In the intro I mentioned that I didn’t get this post online before the semi-finals. One benefit of this is that we know that Leinster beat Ulster and Connacht beat Glasgow. The SimOnePlayoff function above returns the path of the final result. So for example 10-1-1 indicates team.id 10 won the first semi-final, team.id 1 won the second, and then team.id 1 ultimately won the Grand Final against team.id 10. Leinster have team.id 10 and Connacht have team.id 1, so let’s look at the distribution of the paths.

playoff.sim.results$dt.path.proportion
##       path proportion.path
## 1: 10-1-10          0.3912
## 2:   3-1-1          0.0322
## 3:  10-1-1          0.0972
## 4:   3-1-3          0.1302
## 5:  10-4-4          0.1026
## 6: 10-4-10          0.1618
## 7:   3-4-4          0.0316
## 8:   3-4-3          0.0532

We can see that a Leinster Connacht Grand Final was always the most likely outcome accounting for around 50% of the finals in the 5,000 simulations.

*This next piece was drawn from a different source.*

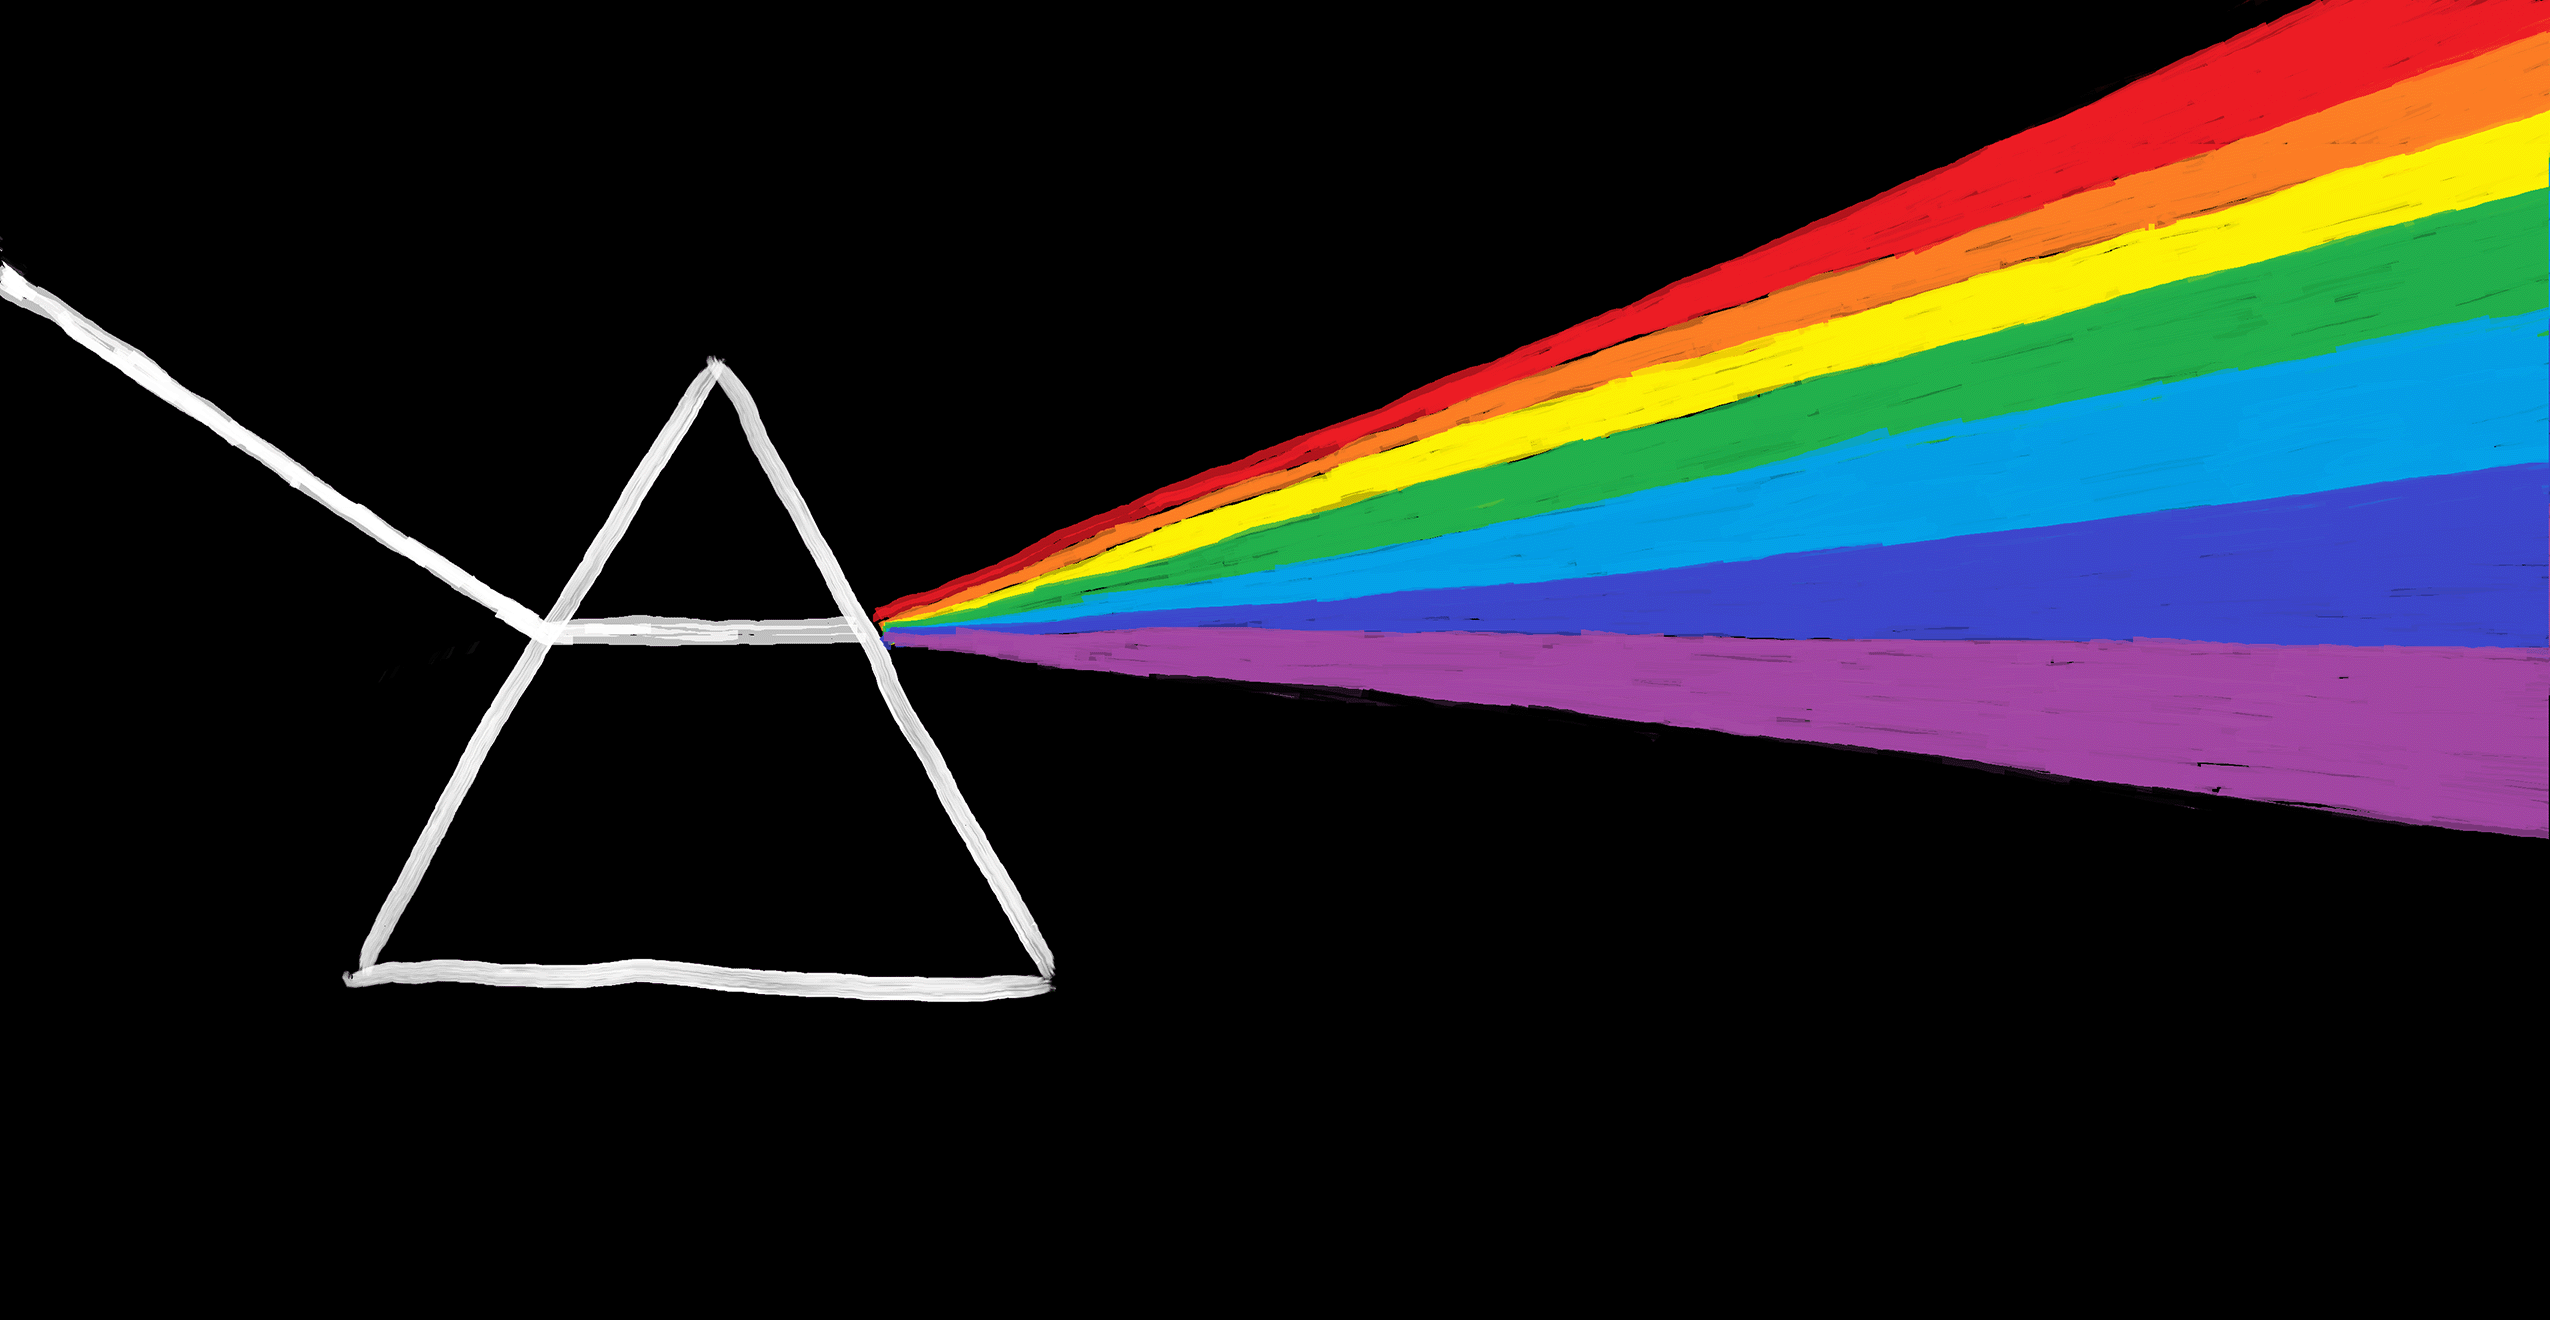 Sketch of rainbow refracting through triangle prism
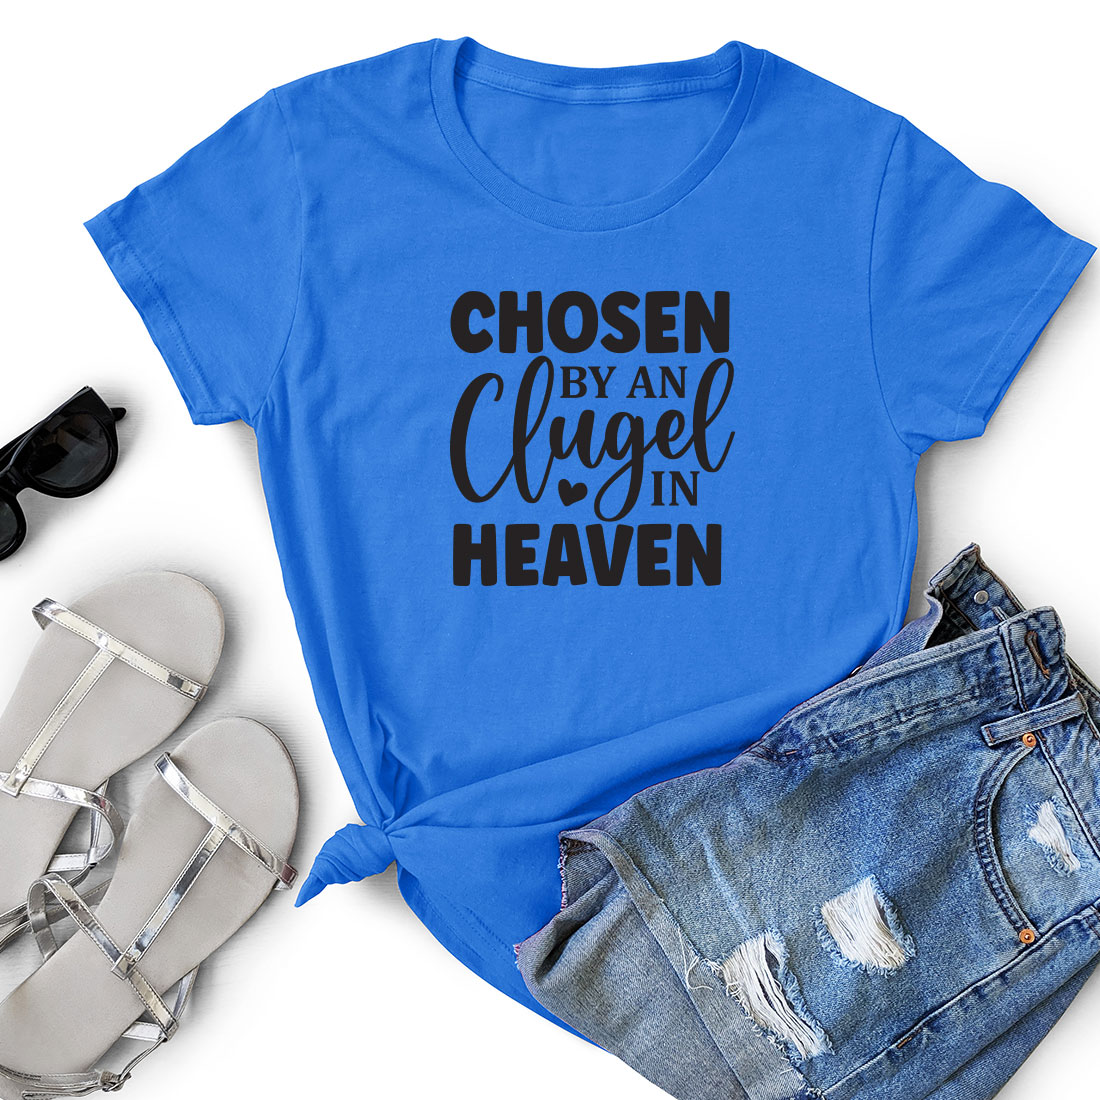 T - shirt that says chosen by an angel in heaven.

Of these finals, Leinster won roughly 4 of every 5.

Personally, I think the final will be much closer than this analysis suggests. It is important to note that the model doesn’t have any concept of time. Results at the start of the season are given the same importance as results at the end. Therefore the parameters being estimated are an average from across the season. Given the volatile nature of sport (injuries etc.) this is not the most prudent approach when understanding the uncertainty in match results. However it is a fun exercise none the less!